#### Goal of the exercise:
Look through the data below for the line with "HYUNDAI HYUNDAI HYUNDAI" and the line with "Homeskillet breakfast spread", then transcribe exactly from the first through the second, leaving out all pictures.

== Material provided

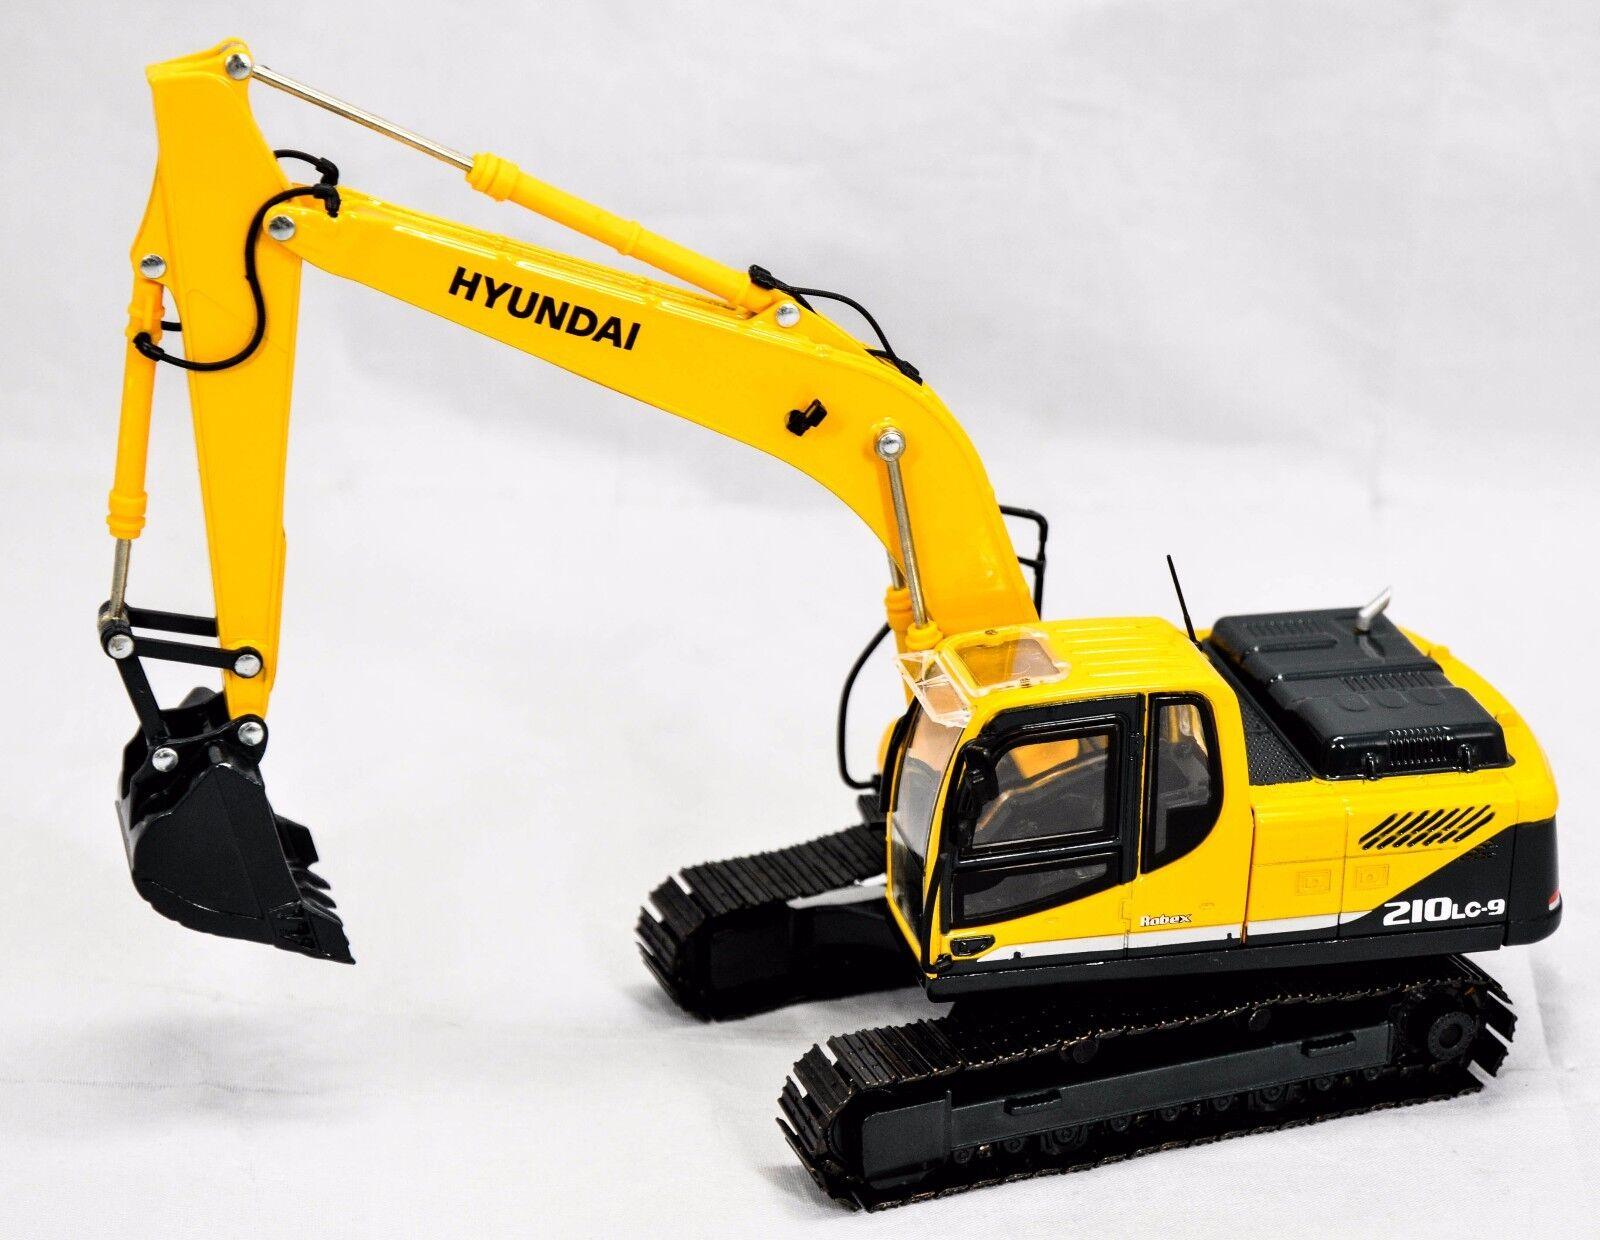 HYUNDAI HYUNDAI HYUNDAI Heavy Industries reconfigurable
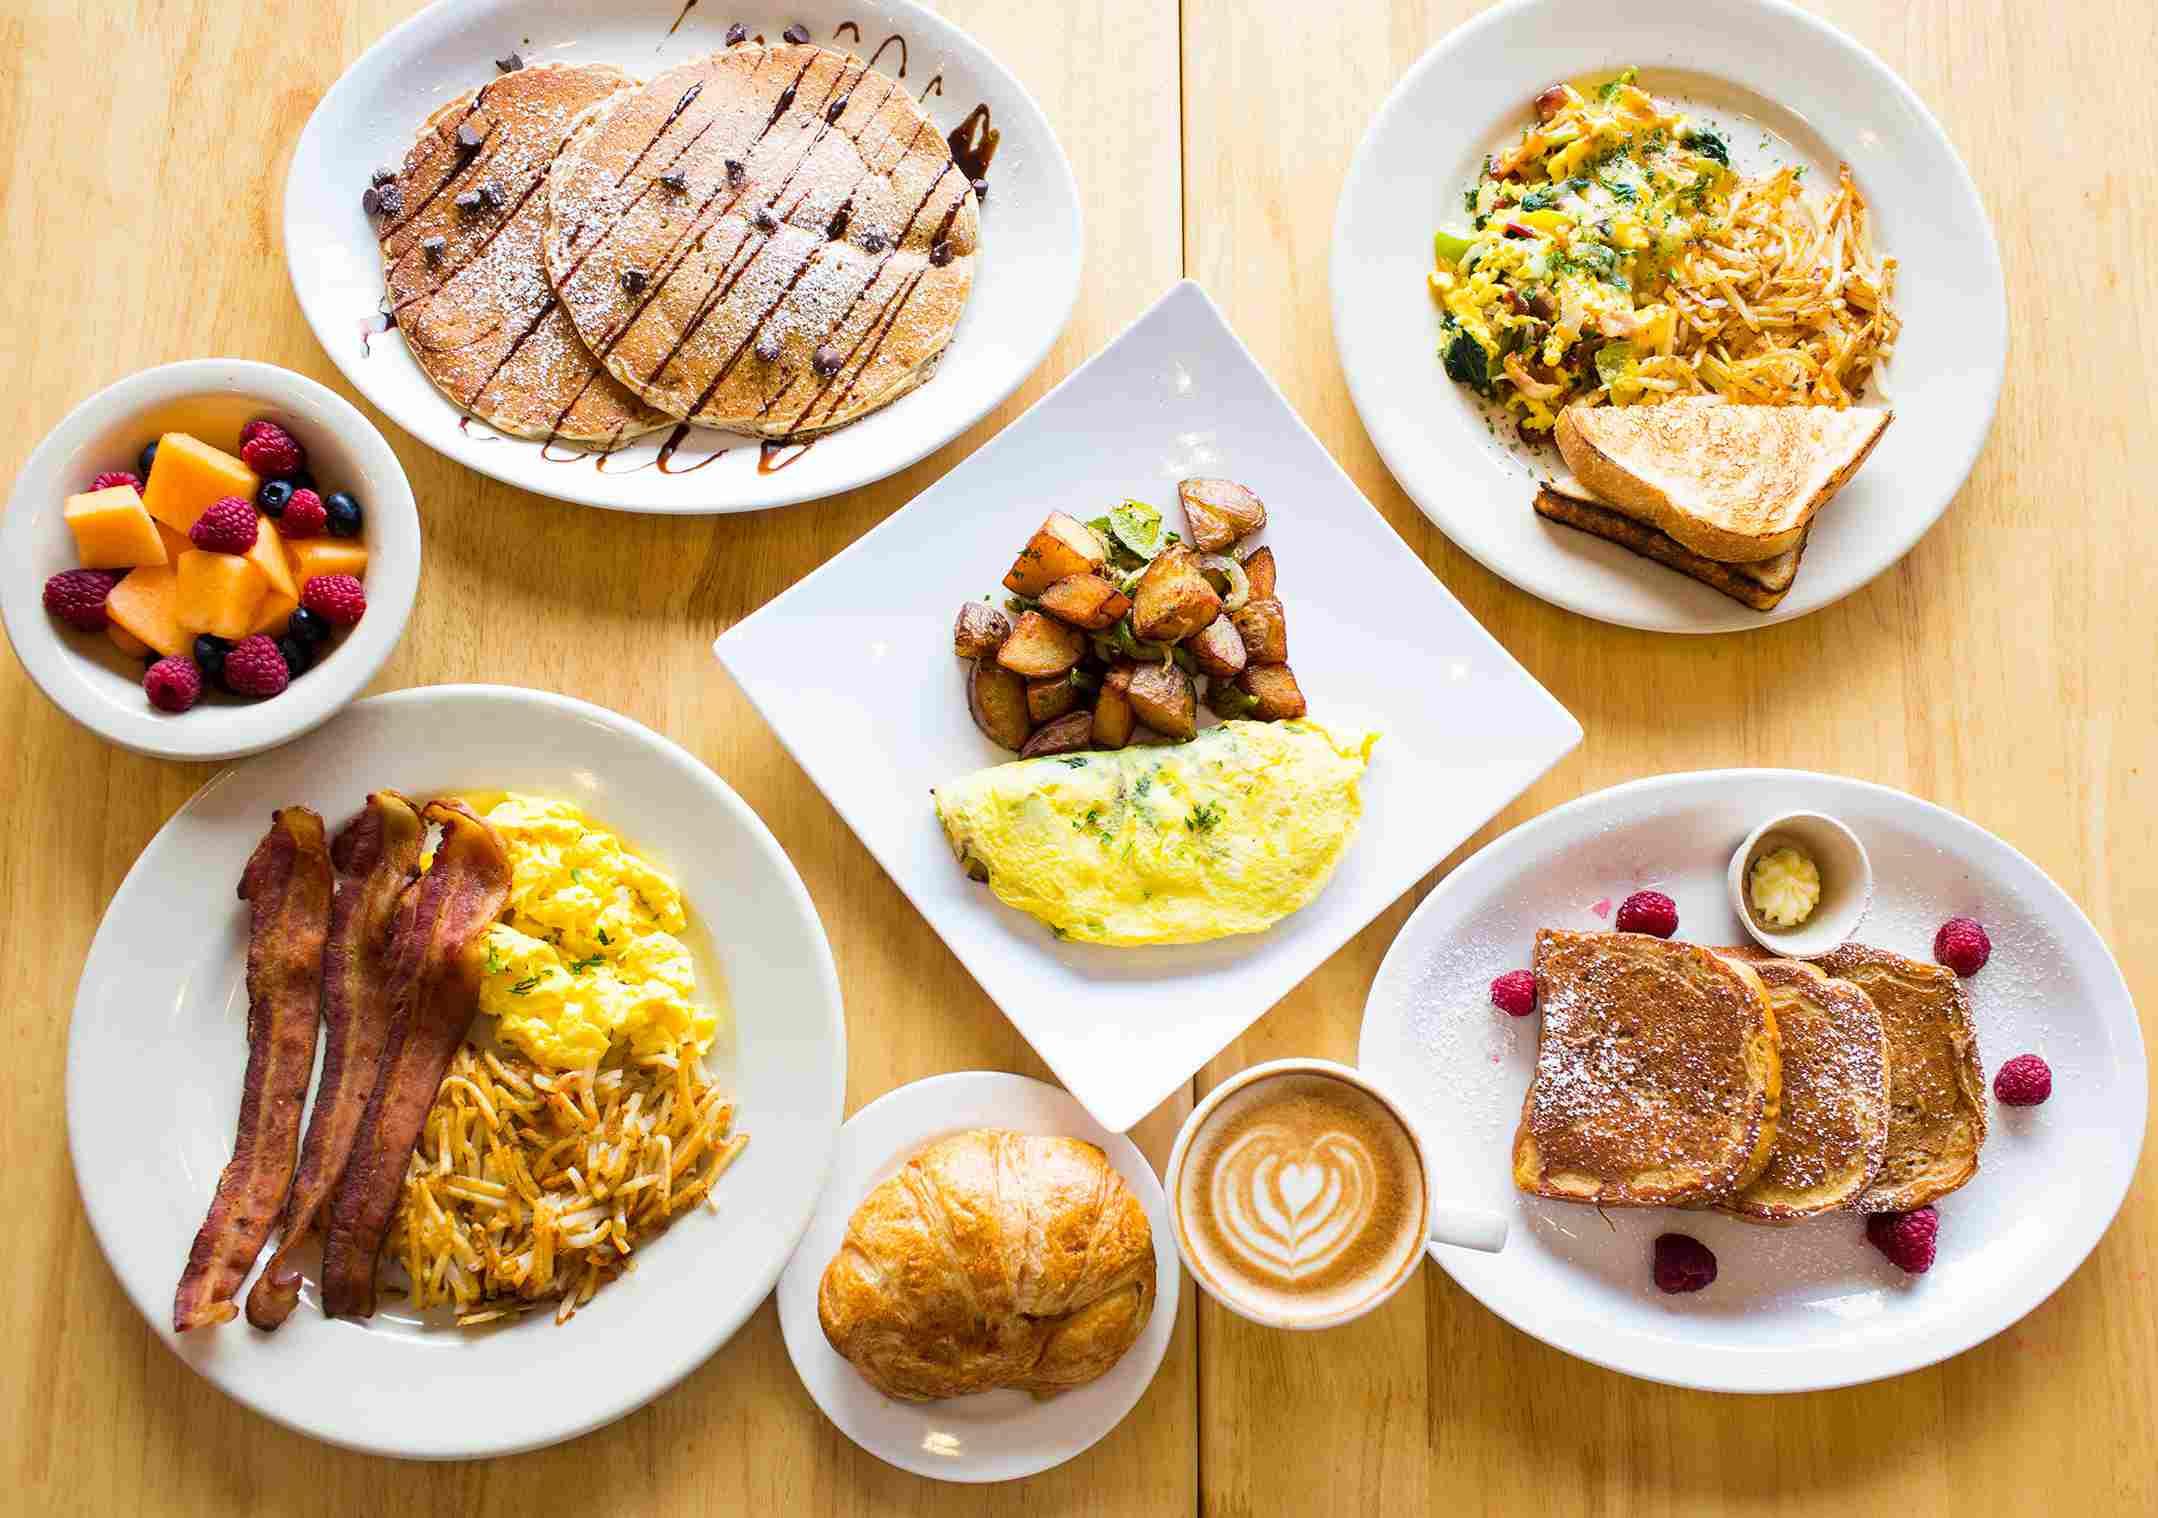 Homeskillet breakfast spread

====
== Material provided

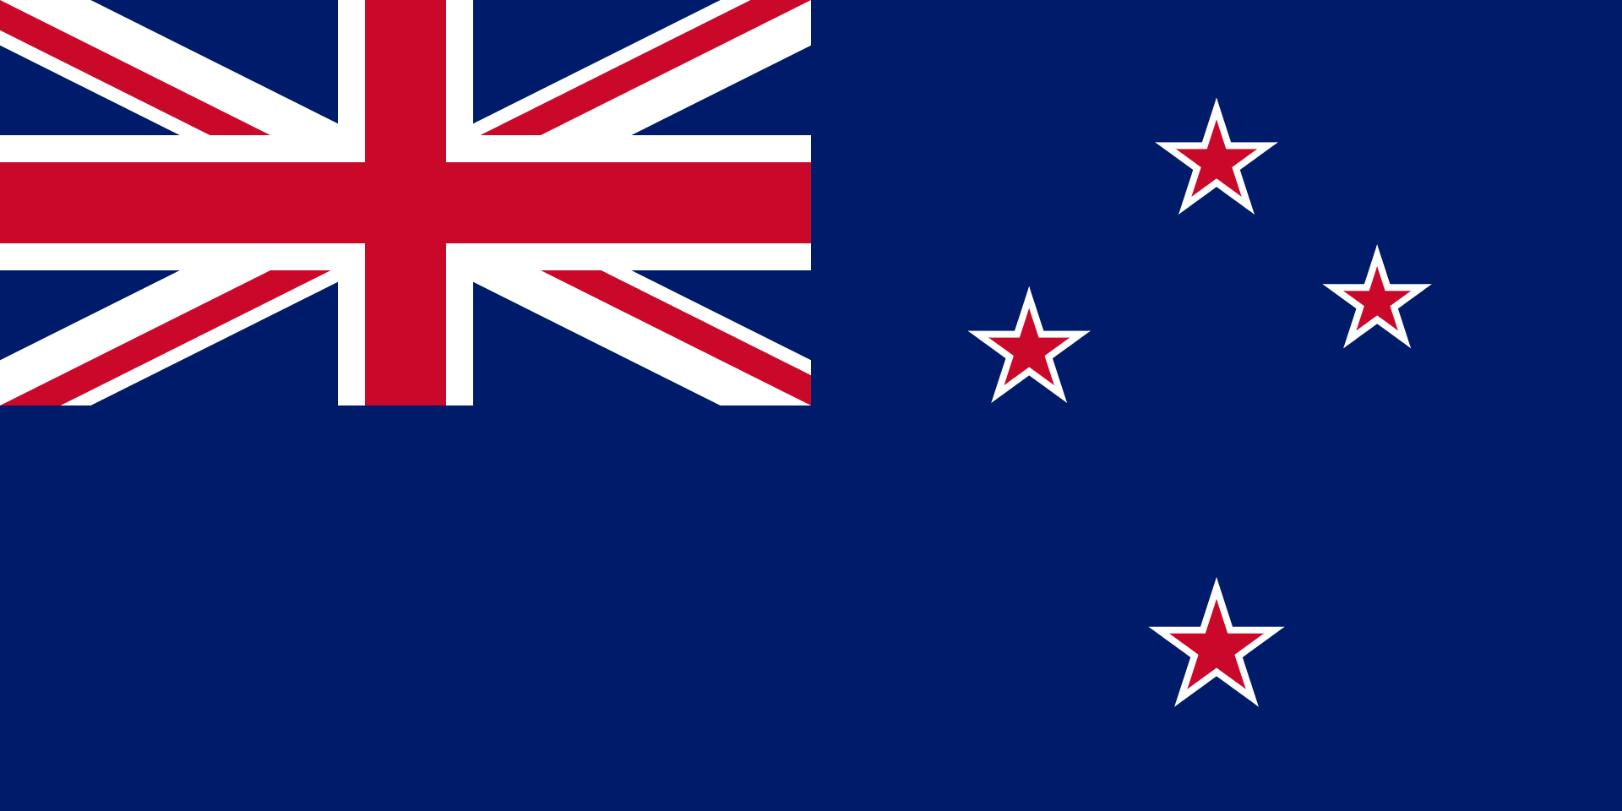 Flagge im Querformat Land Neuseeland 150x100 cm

====
== Material provided

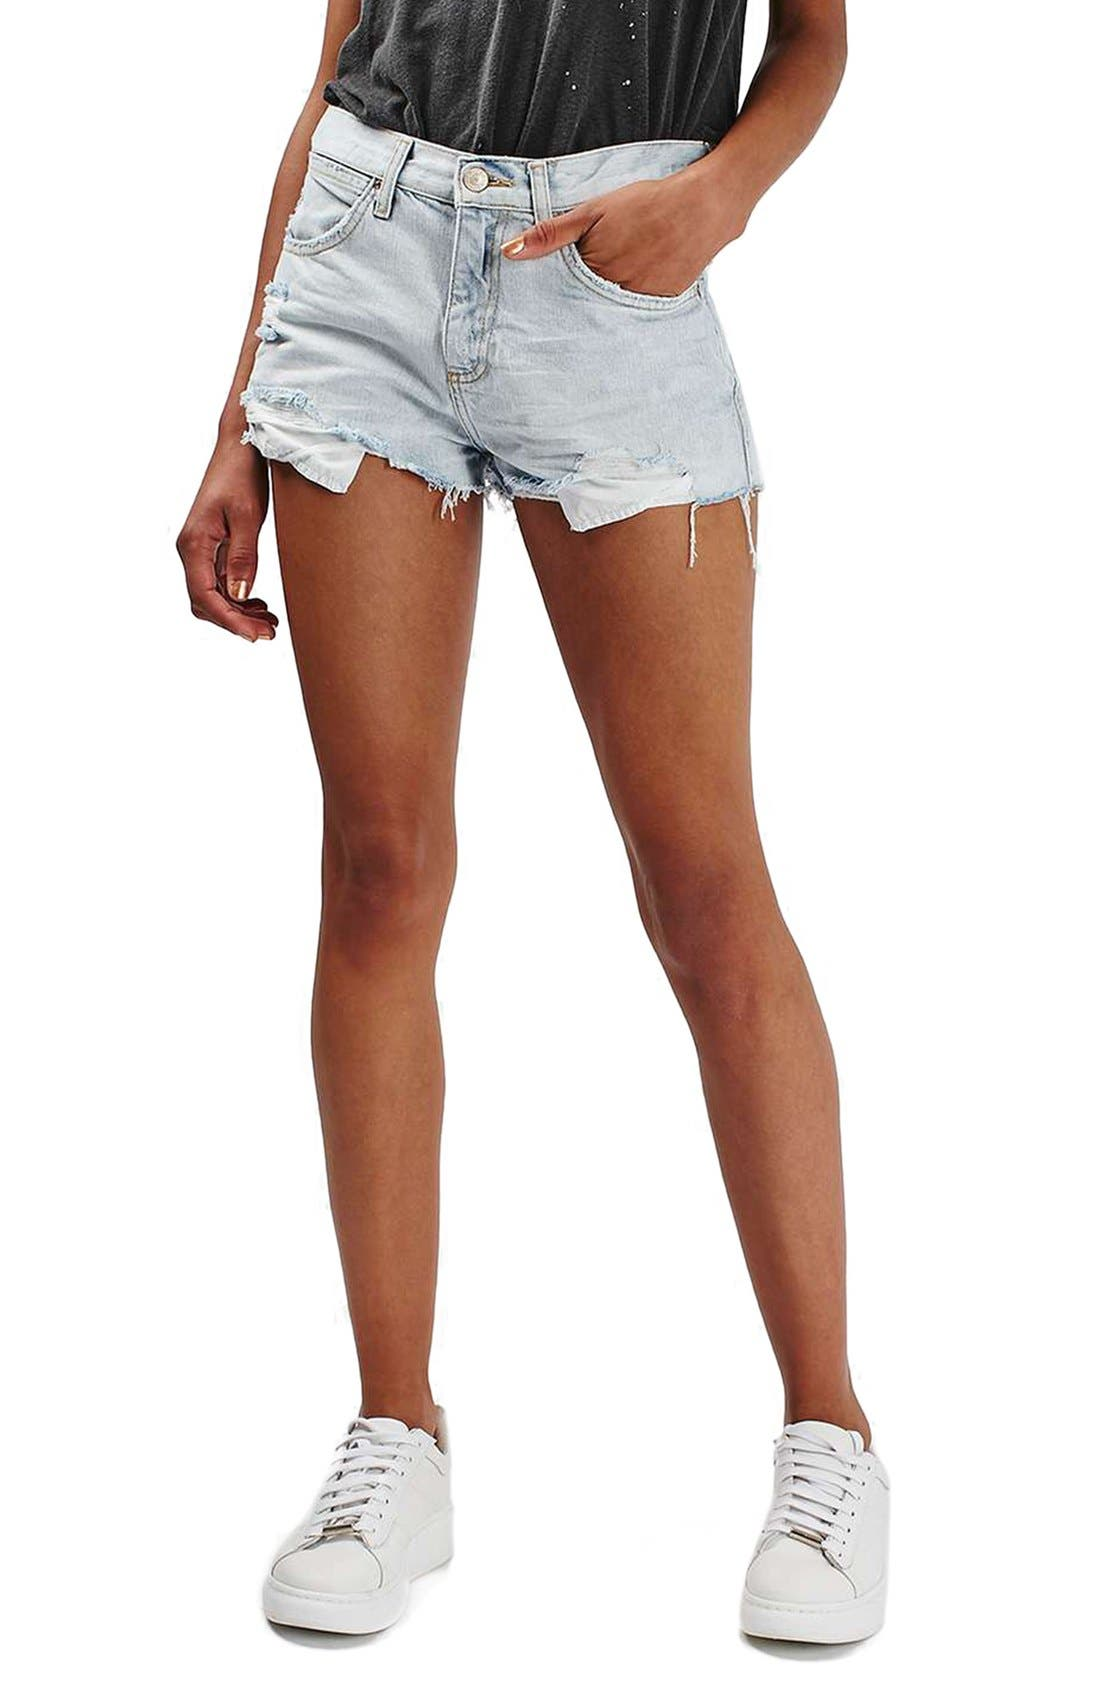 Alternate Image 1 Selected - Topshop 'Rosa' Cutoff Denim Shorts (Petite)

====

#### Reply to the exercise:
 HYUNDAI HYUNDAI HYUNDAI Heavy Industries reconfigurable
 Homeskillet breakfast spread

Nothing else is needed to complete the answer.